## Exercise details
The answer should consist of the full listing below, repeated exactly and free of pictures.

## Input data

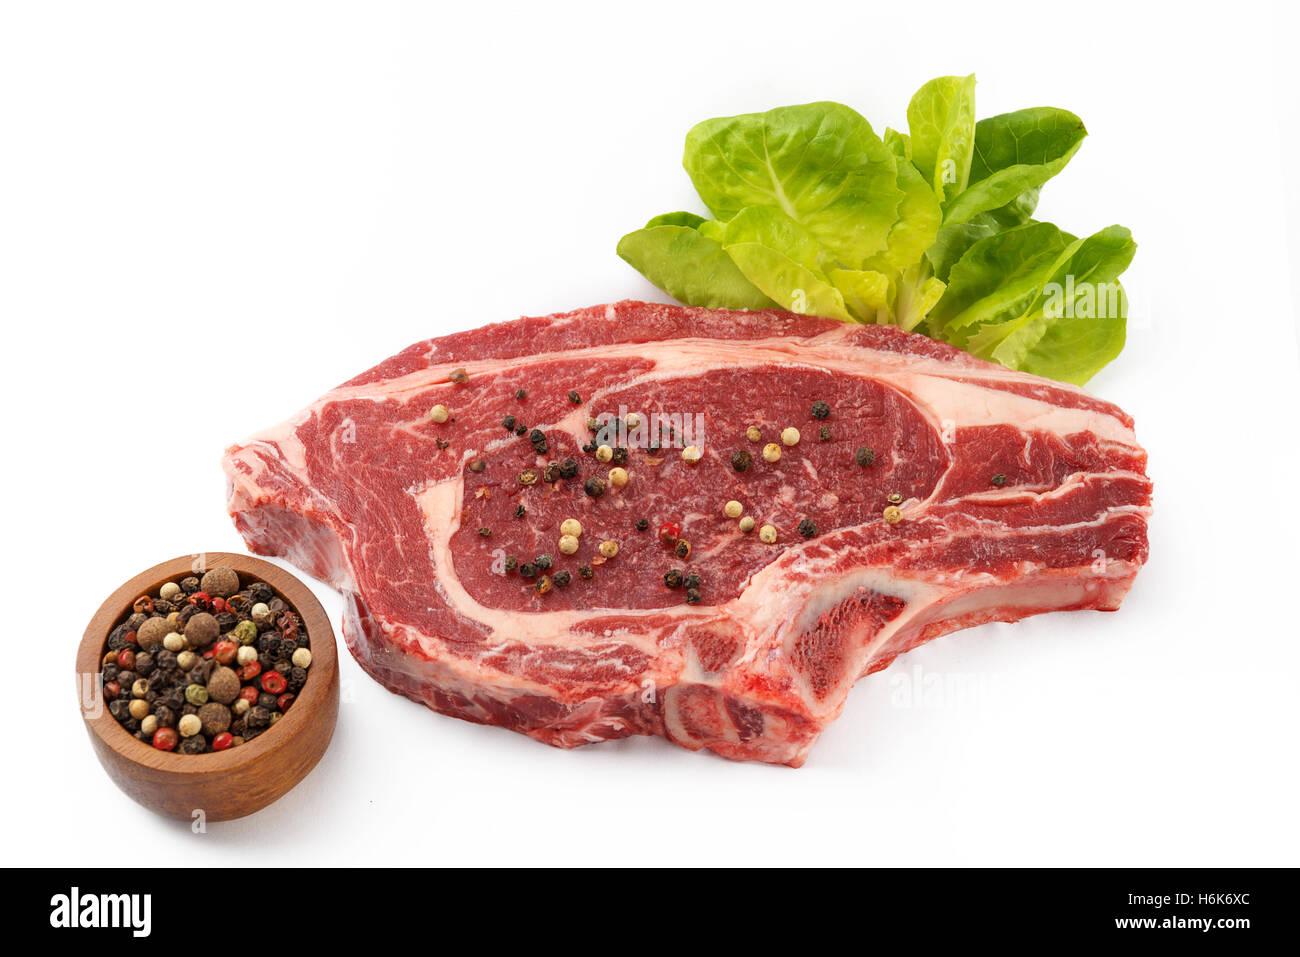 Jugosas materias steak sobre un fondo blanco aislado Imagen De Stock
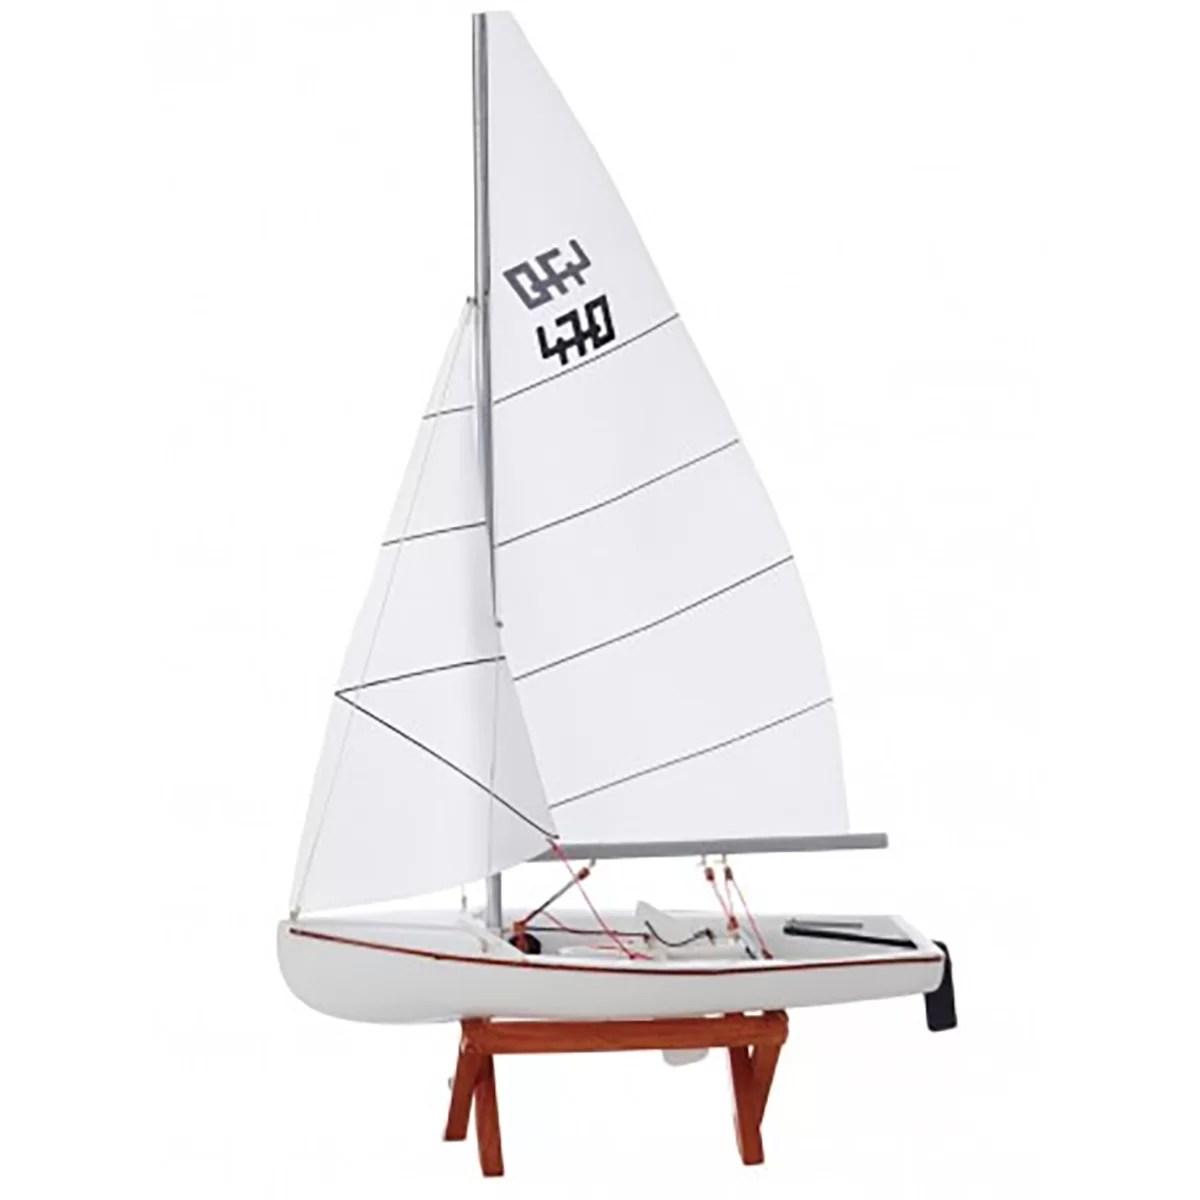 Vitorlás 470 makett L26 Balatoni hajómakett
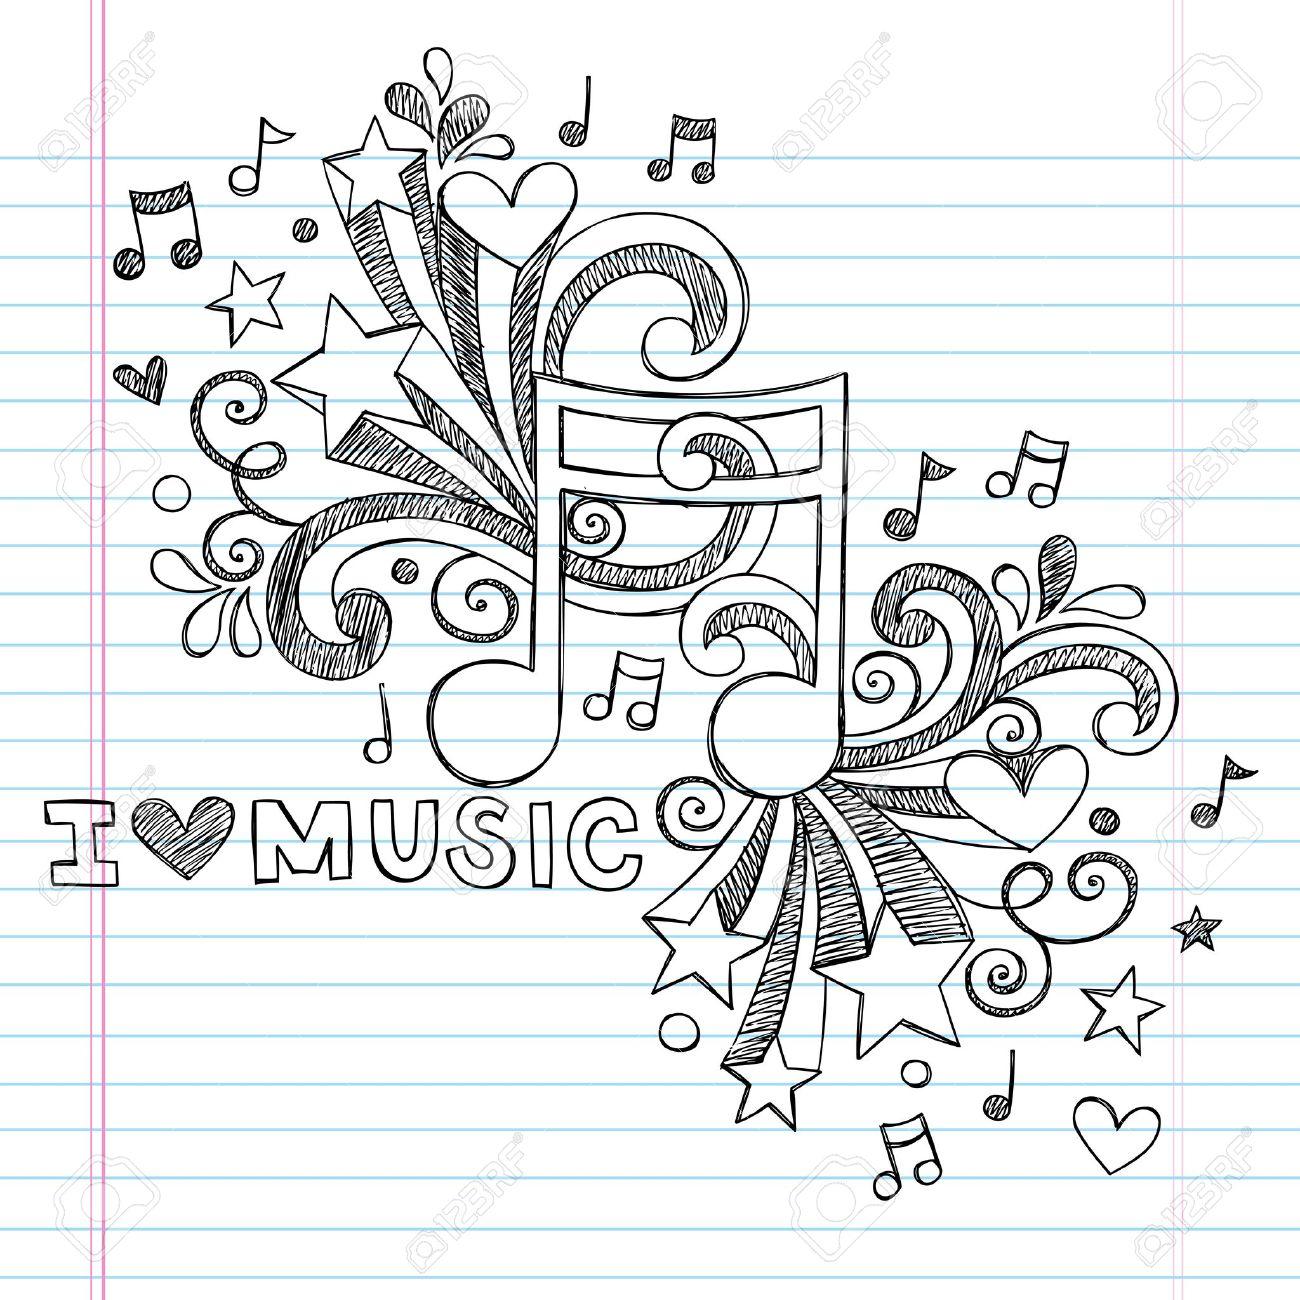 Music Note I Love Music Back to School Sketchy Notebook Doodles- Hand-Drawn Illustration Design Elements on Lined Sketchbook Paper Background Stock Vector - 19090357

## Your response
 Jugosas materias steak sobre un fondo blanco aislado Imagen De Stock
 Vitorlás 470 makett L26 Balatoni hajómakett
 Music Note I Love Music Back to School Sketchy Notebook Doodles- Hand-Drawn Illustration Design Elements on Lined Sketchbook Paper Background Stock Vector - 19090357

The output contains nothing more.